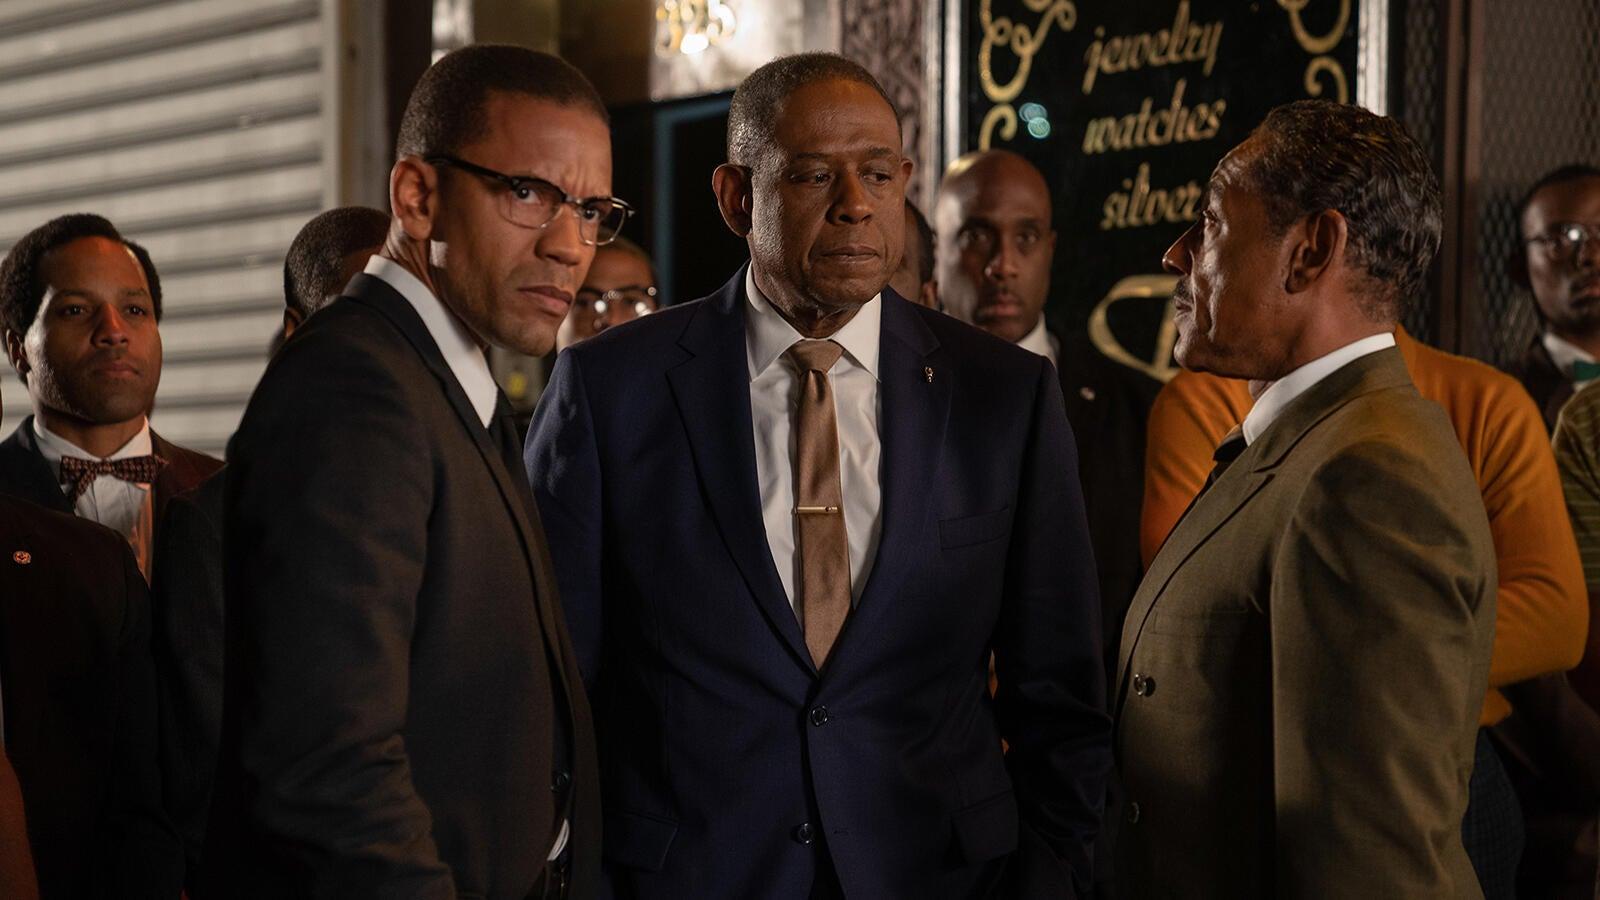 Nigel Thatch, Forest Whitaker, Giancarlo Esposito, Godfather of Harlem
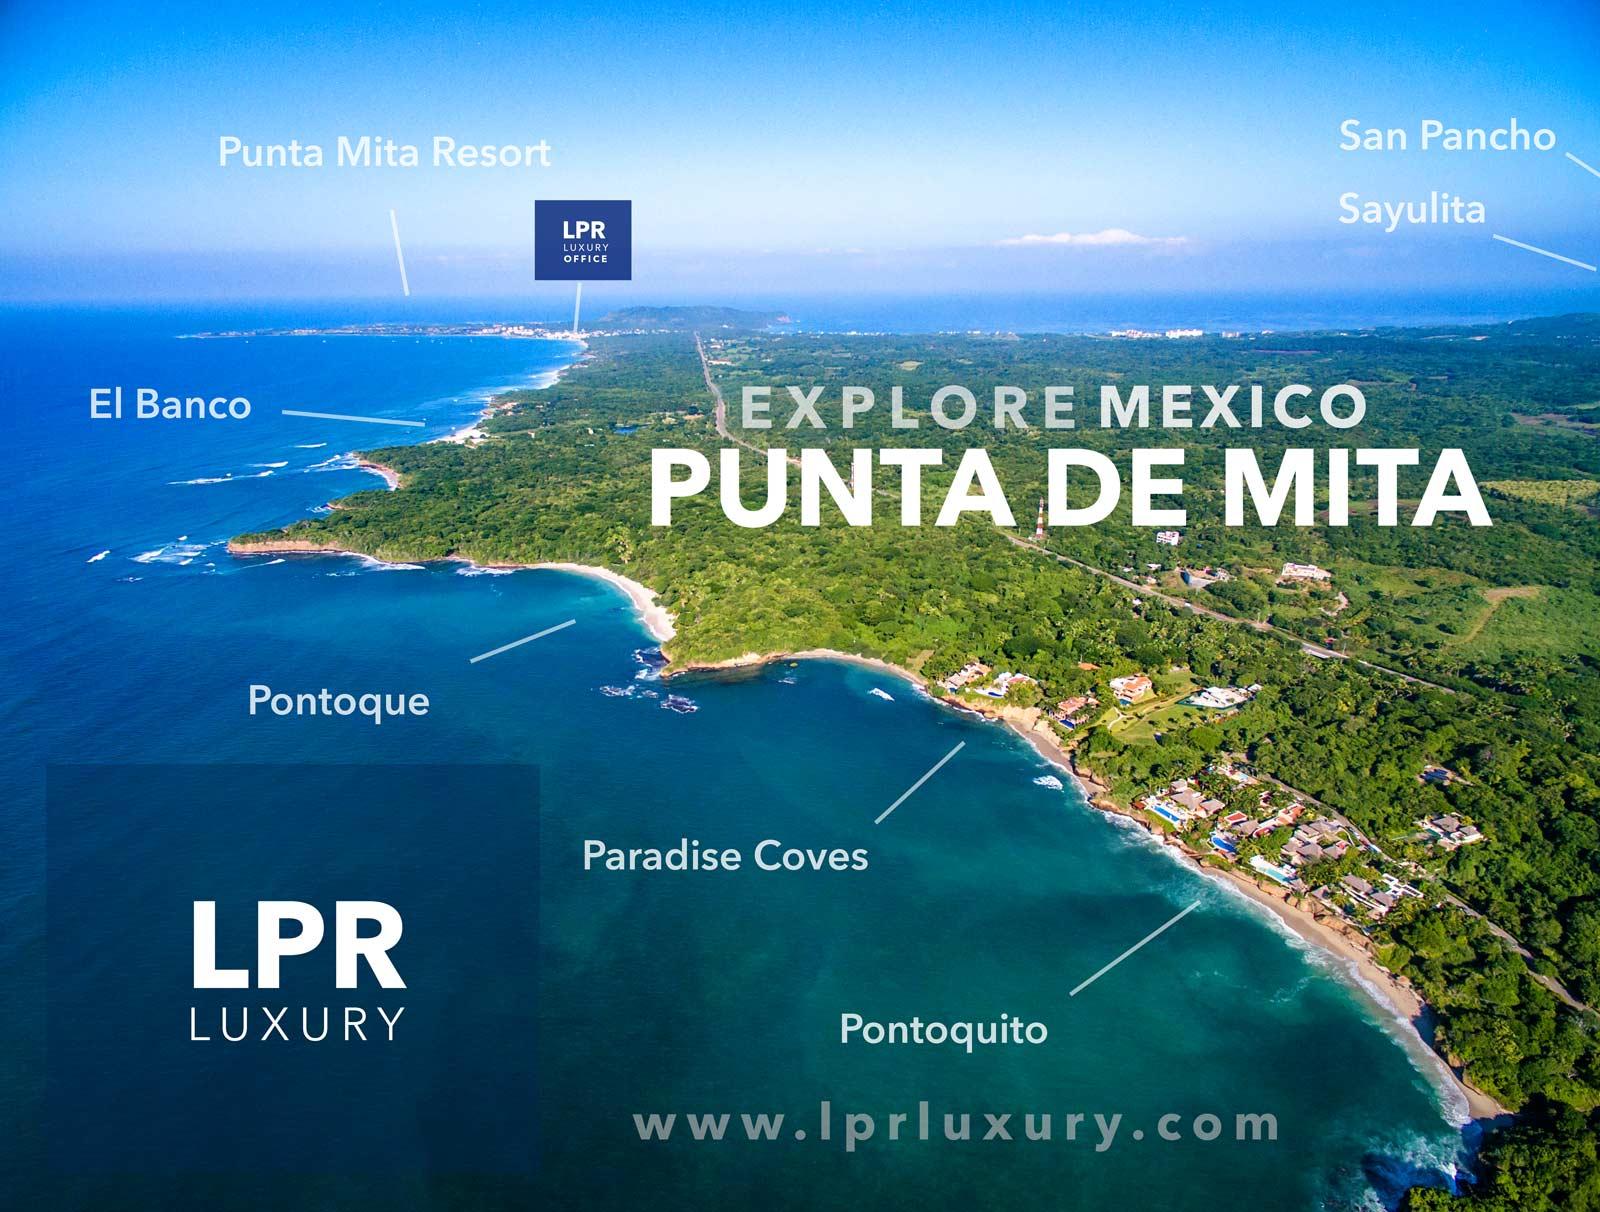 Explore the Punta de Mita peninsula - Riviera Nayarit, Mexico
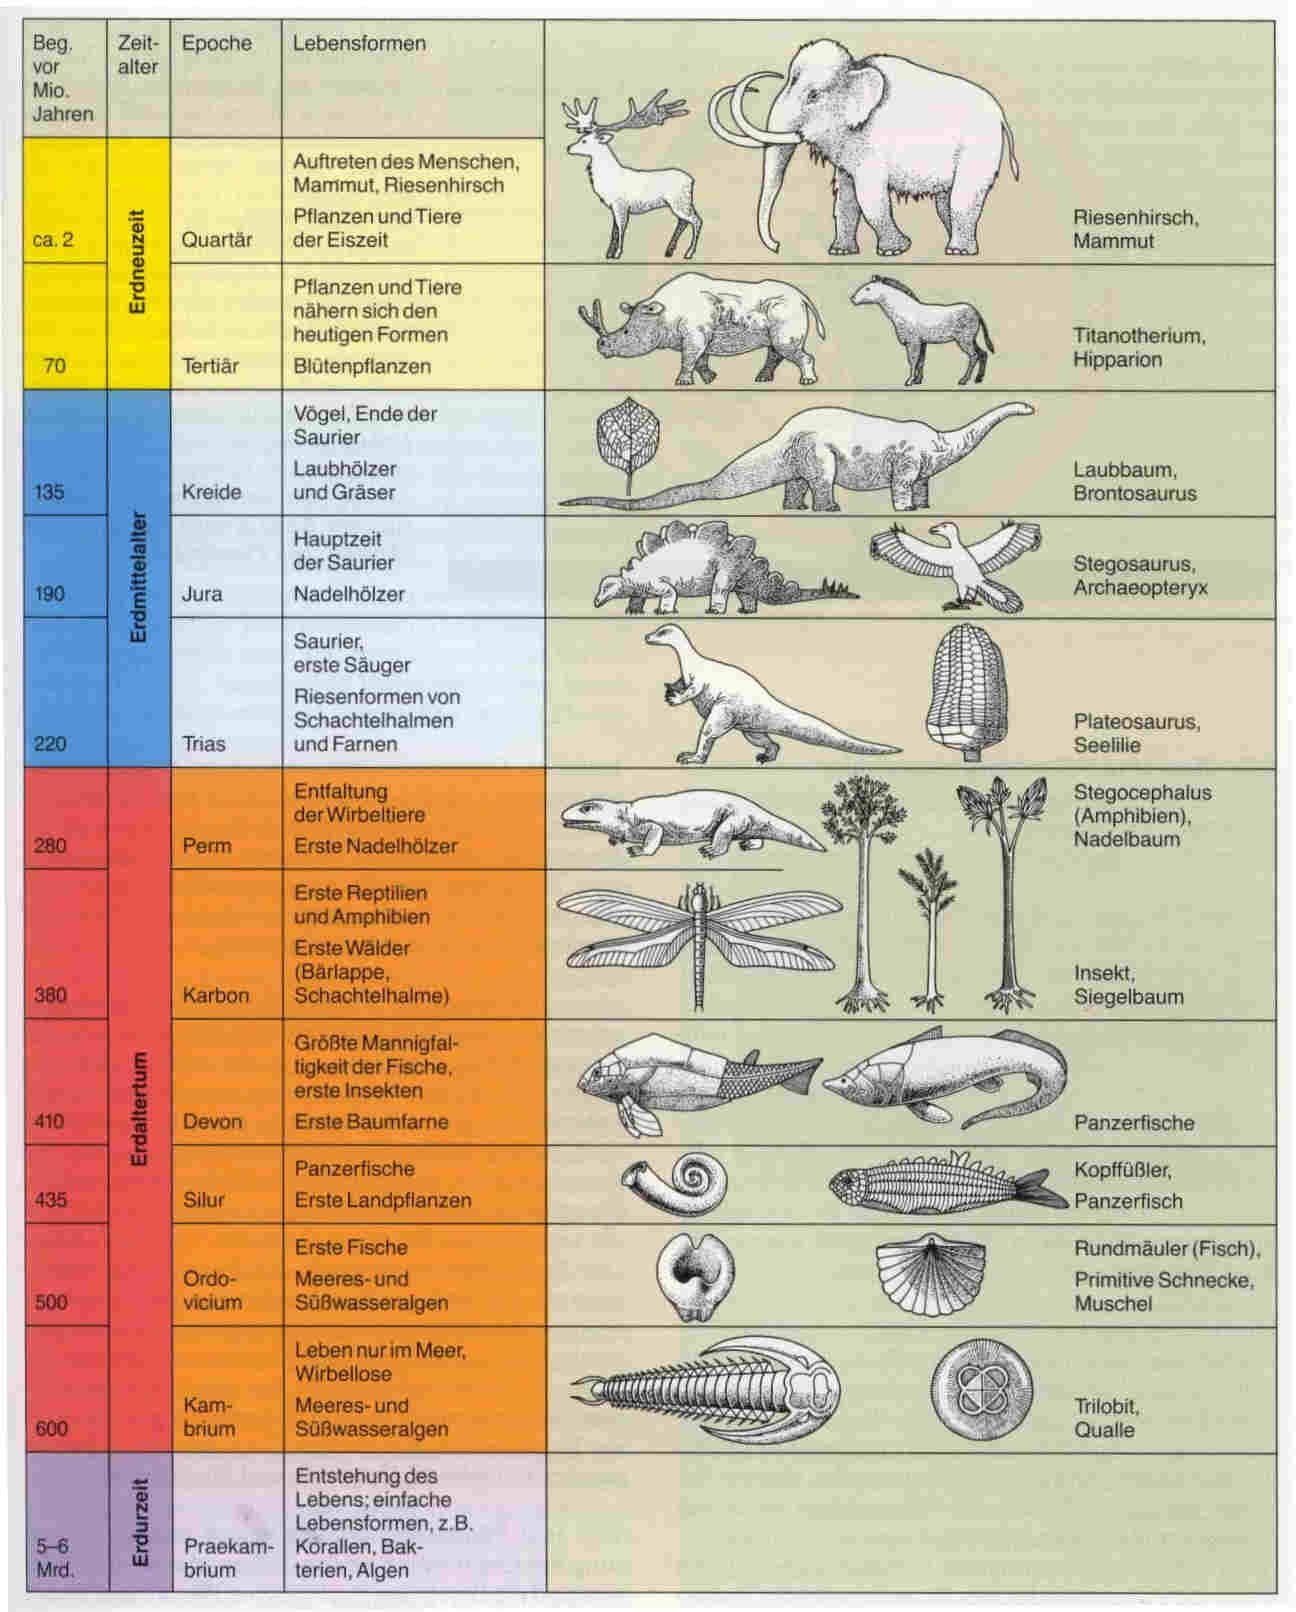 fossilien zeittafel Google Search
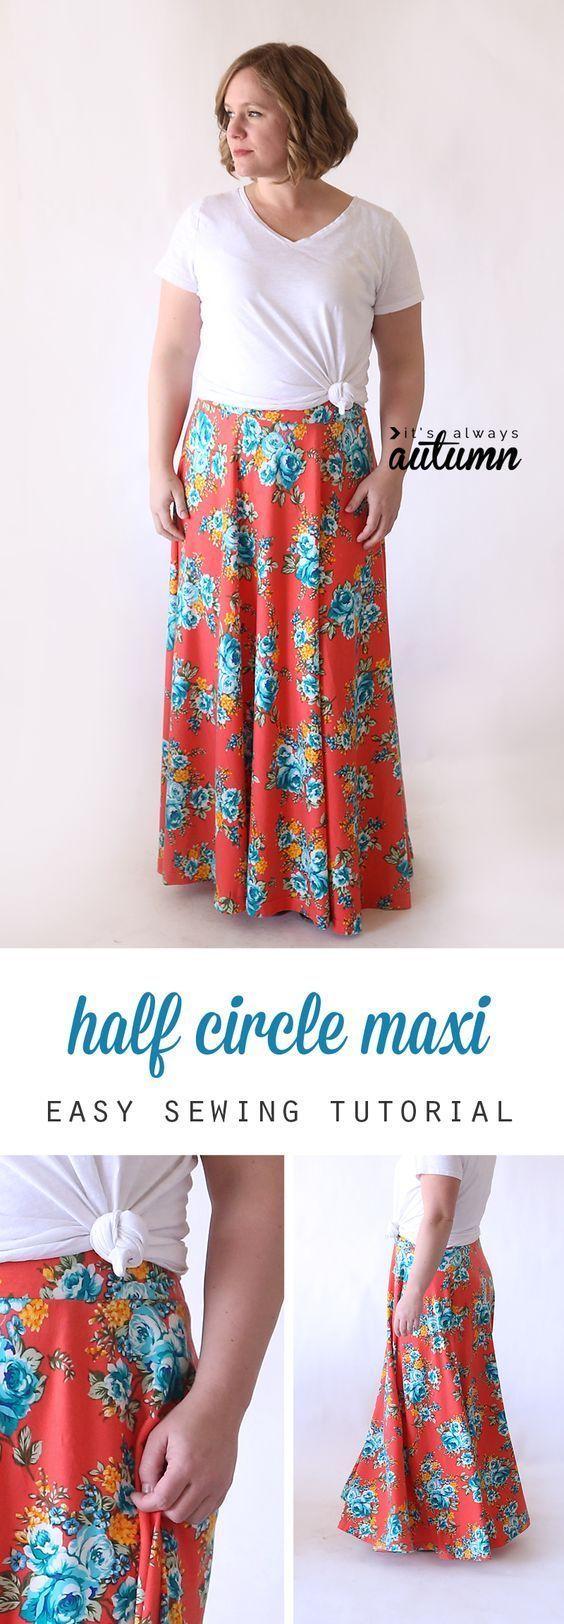 Best 25+ Diy maxi skirt ideas on Pinterest | Maxi skirt tutorial ...

□ □ □ □ □

(TASK INSTRUCTIONS):
Pictures are to be omitted. Output verbatim only the lines from the one holding "Explore the Punta" through the end of the material, both included.

(PROBLEM SOLUTION):
 Explore the Punta de Mita peninsula - Riviera Nayarit, Mexico
 fossilien zeittafel Google Search
 Best 25+ Diy maxi skirt ideas on Pinterest | Maxi skirt tutorial ...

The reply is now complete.